The problem is that it appears as if I have to remove the knob from the shaft and I have no idea how to do that and so far I've not found any instructions online.

Any thoughts or hints from you folks would be greatly appreciated.

Yes, pictures would be helpful, perhaps, but I have to attend yet another headache imposing work meeting right now. I'll grab pictures on my phone and update this after the meeting. If you are reading this then the damn meeting isn't over yet. It's been one of those weeks (and I know it's only Tuesday.)

The hole where it goes. 



 

Where my fingers are is what should be inside the hole. 


 

The top of the knob


----------



## Eric Rorabaugh (Jan 7, 2020)

C'mon Ken, post the pictures already. You need to get your priorities straight! JK.

Reactions: Funny 2 | +Karma 1


----------



## kweinert (Jan 7, 2020)

Eric Rorabaugh said:


> C'mon Ken, post the pictures already. You need to get your priorities straight! JK.



Hope you're happy now!

Reactions: Funny 2


----------



## Eric Rorabaugh (Jan 7, 2020)

Sorry...can't help ya!

Reactions: Funny 3


----------



## morganns27 (Apr 2, 2020)

@kweinert, I would definitely consider about getting a new one. Can recommend a router, which I use - Makita RT0701CX7 ( from this list: https://www.woodroutersreviews.com/best-plunge-router/ ). It has awesome performance, it's lightweight and weighing less than 4 pounds. One of the best plunge routers I've used.


----------



## tocws2002 (Apr 2, 2020)

This is just a guess, so take it for what it's worth...if you put the end of the shaft in a vise, can you put a hex key in the top of the knob to unscrew the knob off the shaft? Or it looks like the knob is made up of 2 halves, perhaps they unscrew and give access to remove the knob from the shaft??

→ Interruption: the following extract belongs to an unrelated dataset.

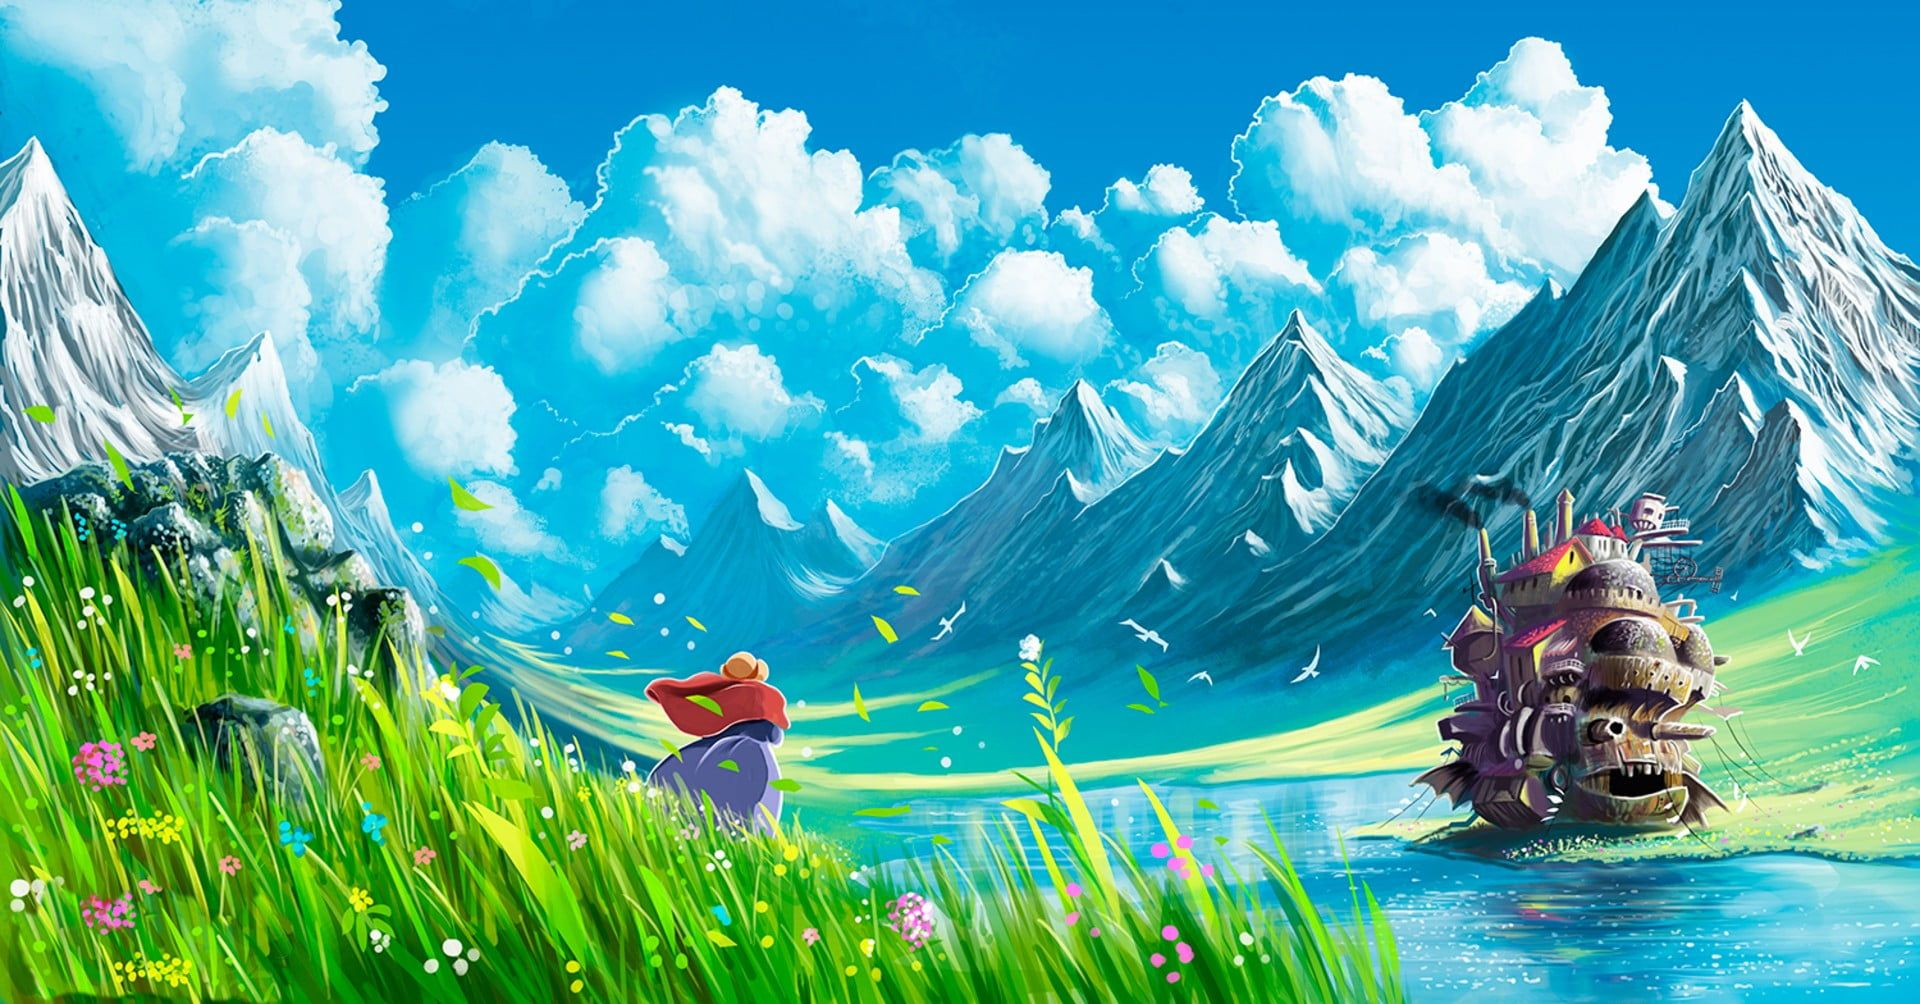 Game Digital Wallpaper Studio Ghibli Howl S Moving Castle Mountains Anime Landscape 1080p Wa Digital Wallpaper Howls Moving Castle Wallpaper Studio Ghibli

Can you shine some light down the hole in the knob and see if there is a screwhead or other fastener?

Just thinking out loud, I do not own, nor have I used this particular router.

-jason


----------



## Schroedc (Apr 2, 2020)

Look at the parts diagrams here- https://www.manualslib.com/manual/53642/Freud-Ft1700vce.html

From what I can see the knob is held on with a screw.


----------